Mrs Gandhi is using one technique to involve all her students in questions. There are other techniques which you might like to try. One technique is to allow all of the students one or two minutes to write down their answer to the question. Then ask particular students or ask for volunteers to offer the answer. Another technique is to wait for a few seconds after asking the question. Both of these techniques give students time to think and to evaluate. Then your students’ answers are likely to be longer and more thoughtful. It also means that all students have the chance to think about the answer rather than the few that always put their hand up.

3 Encouraging students to ask questions

There are two main reasons why students need to learn to ask questions. Firstly, if they don’t understand the work and need help, it is important that they have the confidence to ask you or to ask a classmate. Feeling that it is OK to ask and being able to formulate a question are equally important.

Secondly, in order to become active members of a democratic society they need to be able to interpret data, question its validity and challenge assertions that people make.

Case Study 2: Asking questions

Mr Singh asks his students to make up some questions.

When I reach the end of a topic, I usually ask my students if they understand everything and if anyone has any questions. I always get the response ‘Yes, we understand’, and very few students have ever asked me a question. However, when it comes to the test, they never do as well as I had hoped and it is obvious that there are a significant number who don’t understand some of the concepts. I decided that I need to do something about this.

When I finished the topic ‘Why do we fall ill?’, I decided to adopt a different approach. For homework, instead of doing the questions at the end of the chapter, I asked them to make up a test for their classmates. Everyone had to devise five questions. I also asked them to separately make a note of any questions that they wanted to ask about the topic.

The next day I arranged them in groups of four. I arranged the groups so that students of similar attainment levels were together. Each group had to work through each person’s questions (making 20 in total). I concentrated on supporting the groups of weaker students but I found that they had devised some good questions at an appropriate level. If a group finished early, I asked them to think of extra questions around any areas they needed help with.

In the last ten minutes of the lesson, I set them the task of answering the questions at the end of the chapter. As they did this, I went around and answered any questions that the students were still unsure about.

Pause for thought

What steps can you take to make sure that your students feel able to ask questions?
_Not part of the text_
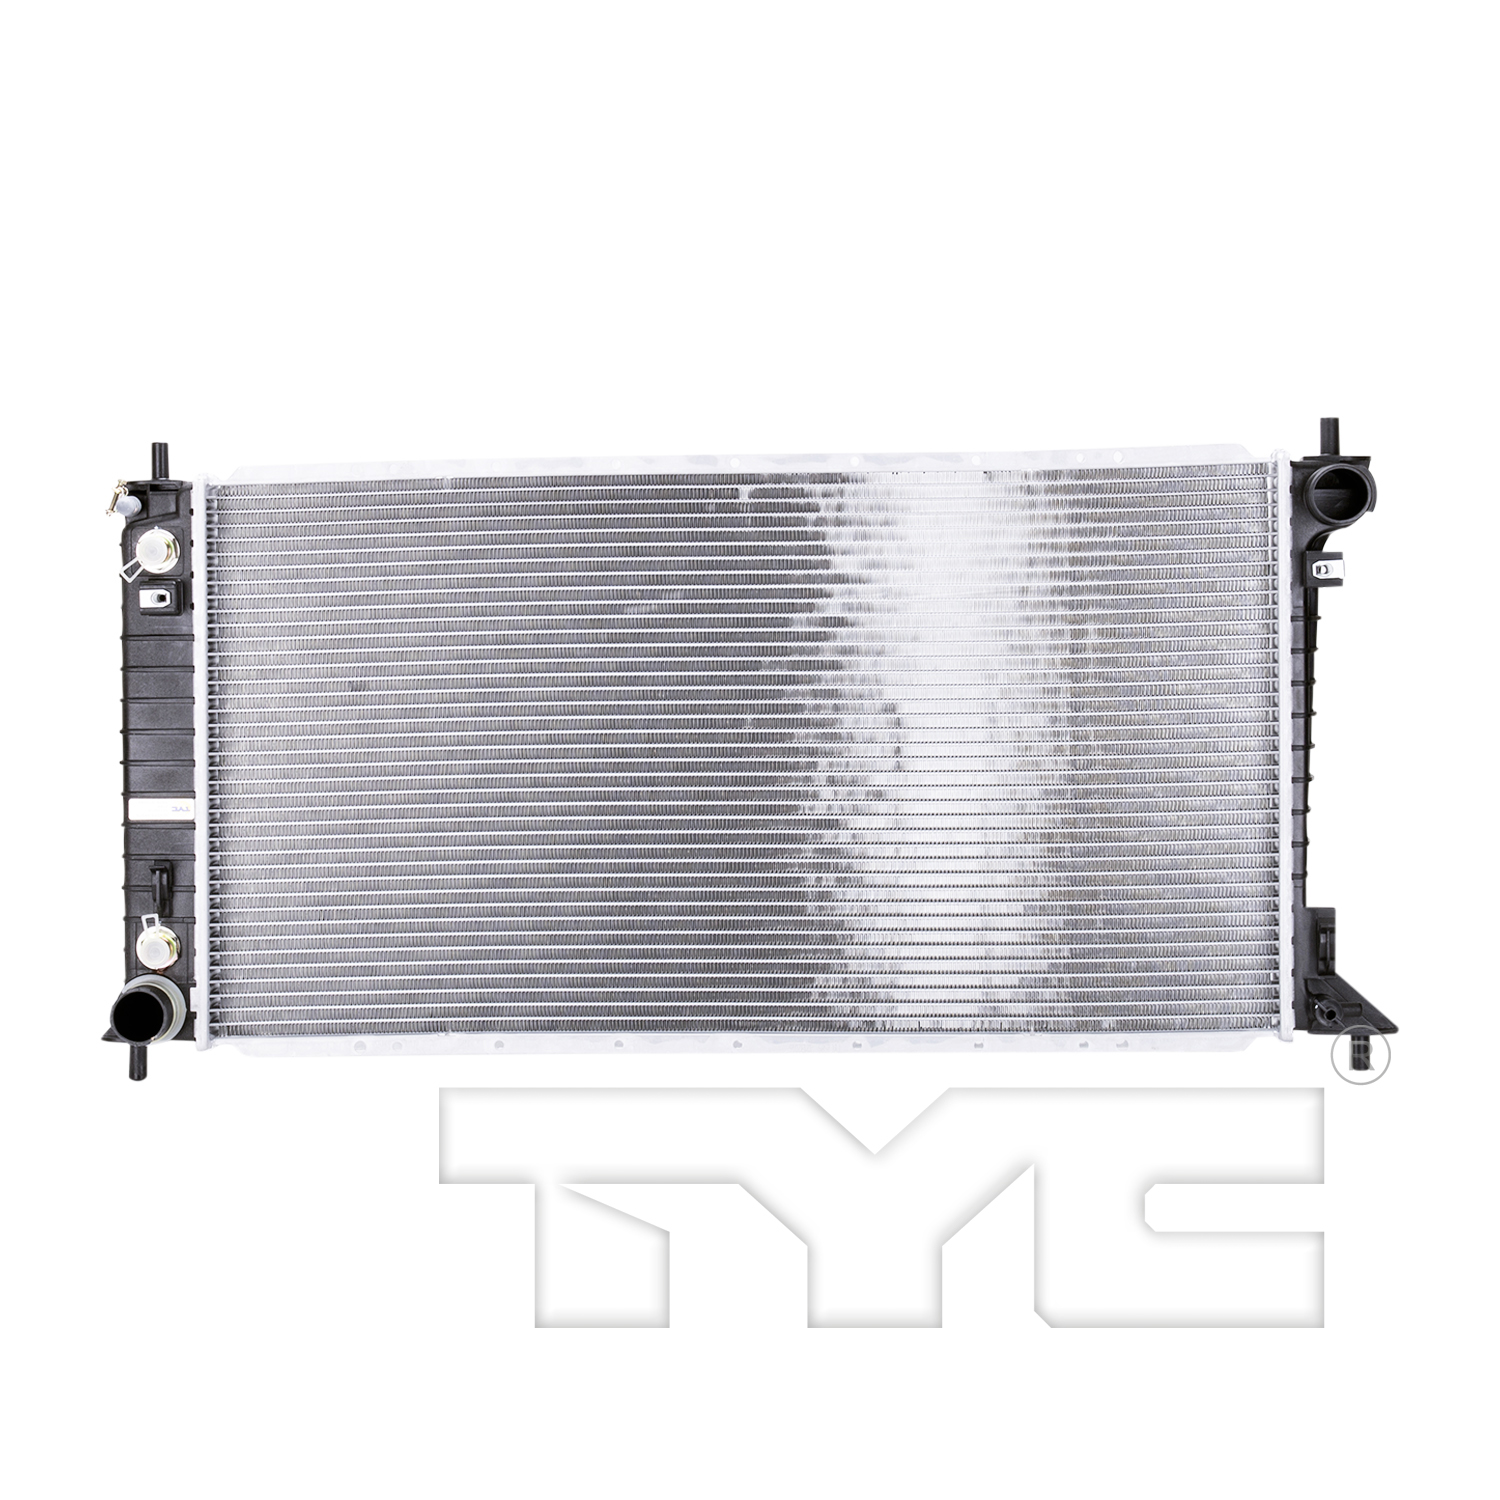 Aftermarket RADIATORS for FORD - EXPEDITION, EXPEDITION,99-02,Radiator assembly

It is important that students feel confident to ask questions. You need to create the time and opportunity for them to ask questions, and must respond carefully. Tell them that it is a good question and you are pleased that they have asked. Explain the answer as clearly as you can, maybe finishing with a follow-up question that will demonstrate if they really have understood. If you can create a supportive and friendly atmosphere, students will find it easier to ask questions.

Activity 3: Encouraging your students to ask questions

This activity will give your students the opportunity to think of questions to ask about some data. It is this sort of thinking and questioning that will help them to become good citizens in a democratic society. They can follow this up with some project work.
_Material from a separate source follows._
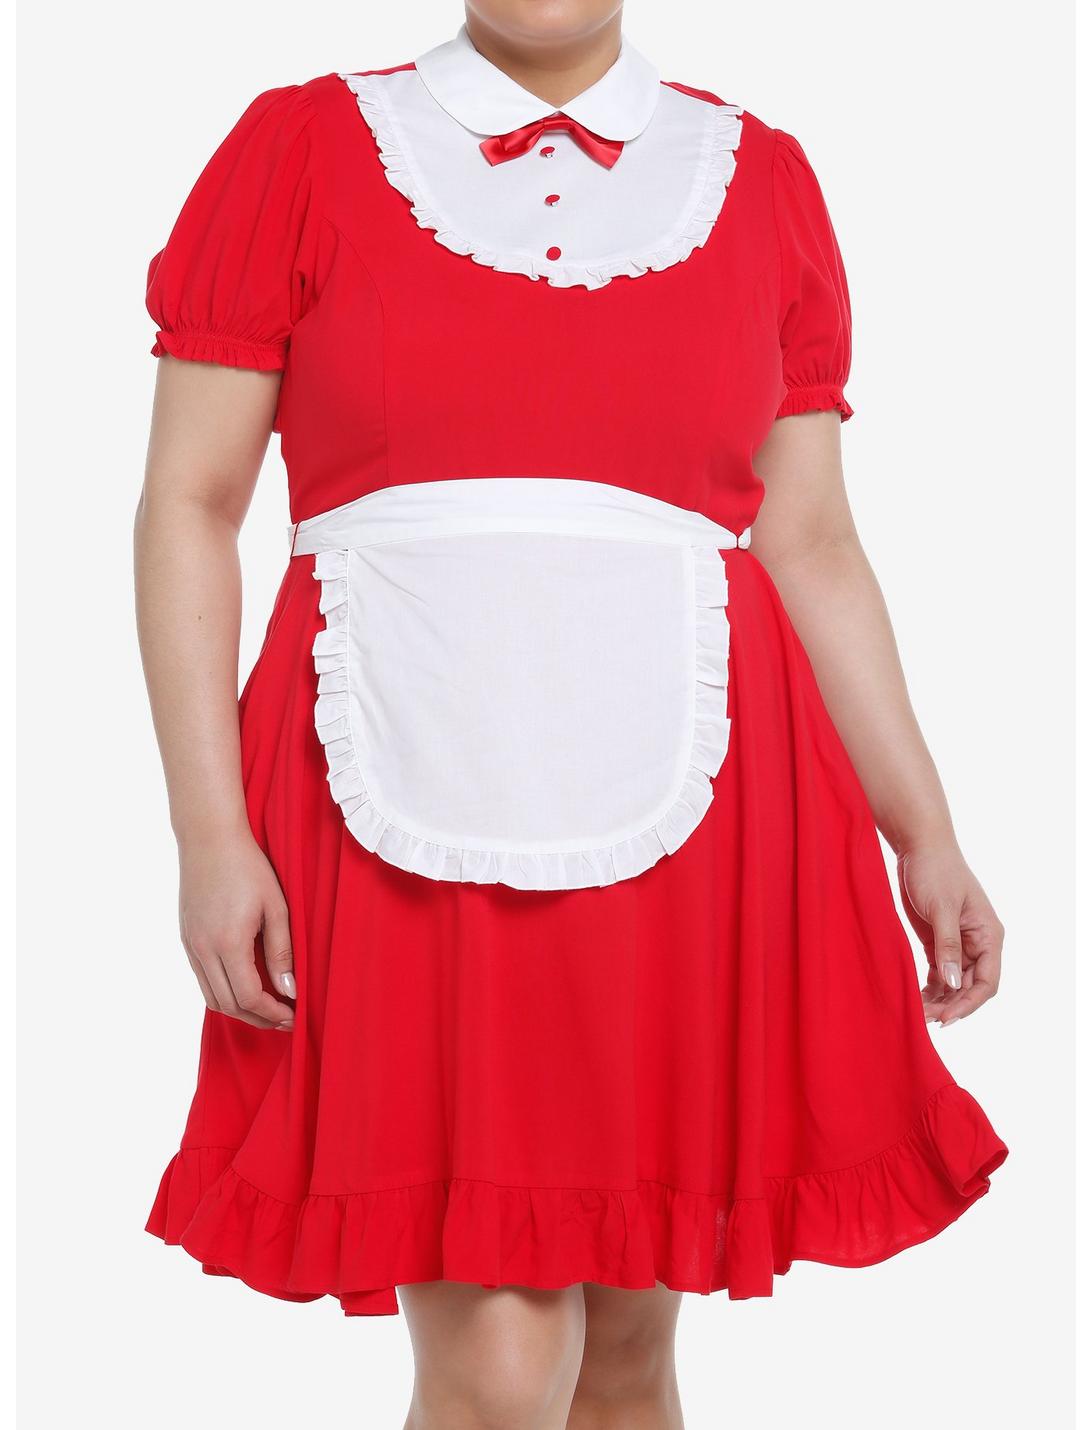 Sweet Society Red Apron Dress Plus Size, RED, hi-res

  • Copy the data from Resource 3 on to the blackboard (If you have other data available you could use this instead).
  • Ask students to look at the data and write down two questions that they could ask about the data.
  • Ask them to compare their questions with the person next to them and together to try and think of two more.
  • Ask for volunteers and record some of the students’ questions on the blackboard.

Hopefully, you will have some obvious ones such as, ‘Which state has the highest immunisation rate?’ and some more interesting ones, such as, ‘Is there a relationship between being breast fed as a baby and being underweight as a child?’ or ‘Why is there such a big difference in the percentage of children immunised in West Bengal and Uttar Pradesh?’
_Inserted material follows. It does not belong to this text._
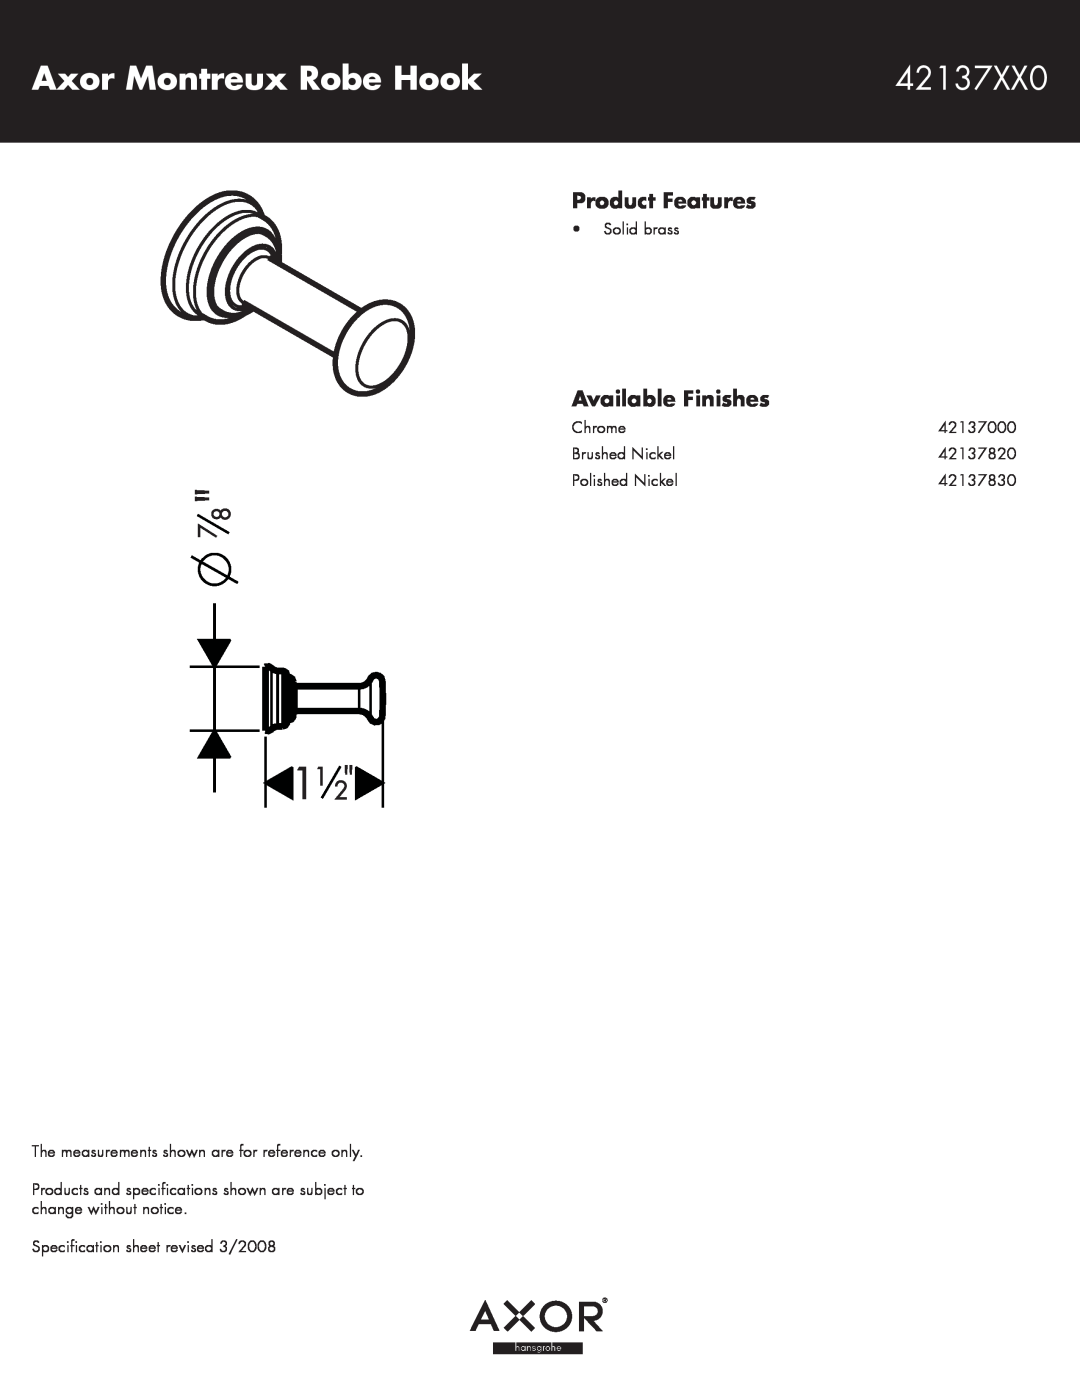 Axor 42137XX0 specifications Axor Montreux Robe Hook, Product Features, Available Finishes

Now ask your students to choose one of their questions to investigate in more detail. They could do this for homework. Encourage them to choose a question that it is realistic for them to answer. For example, if they have access to the internet, they could choose a different question than if they were relying on the library, the TV, the radio or family members.

4 Summary

Questioning is hugely important. Most teachers do a great deal of whole class teaching. Careful and thoughtful questioning can make whole class sessions interactive and productive. The key is to involve as many students as possible, to ask questions that make your students think and to listen carefully to their answers.

The techniques that you have learnt in this unit will apply to all topics.

Resources

Resource 1: Using questioning to promote thinking

Teachers question their students all the time; questions mean that teachers can help their students to learn, and learn more. On average, a teacher spends one-third of their time questioning students in one study (Hastings, 2003). Of the questions posed, 60 per cent recalled facts and 20 per cent were procedural (Hattie, 2012), with most answers being either right or wrong. But does simply asking questions that are either right or wrong promote learning?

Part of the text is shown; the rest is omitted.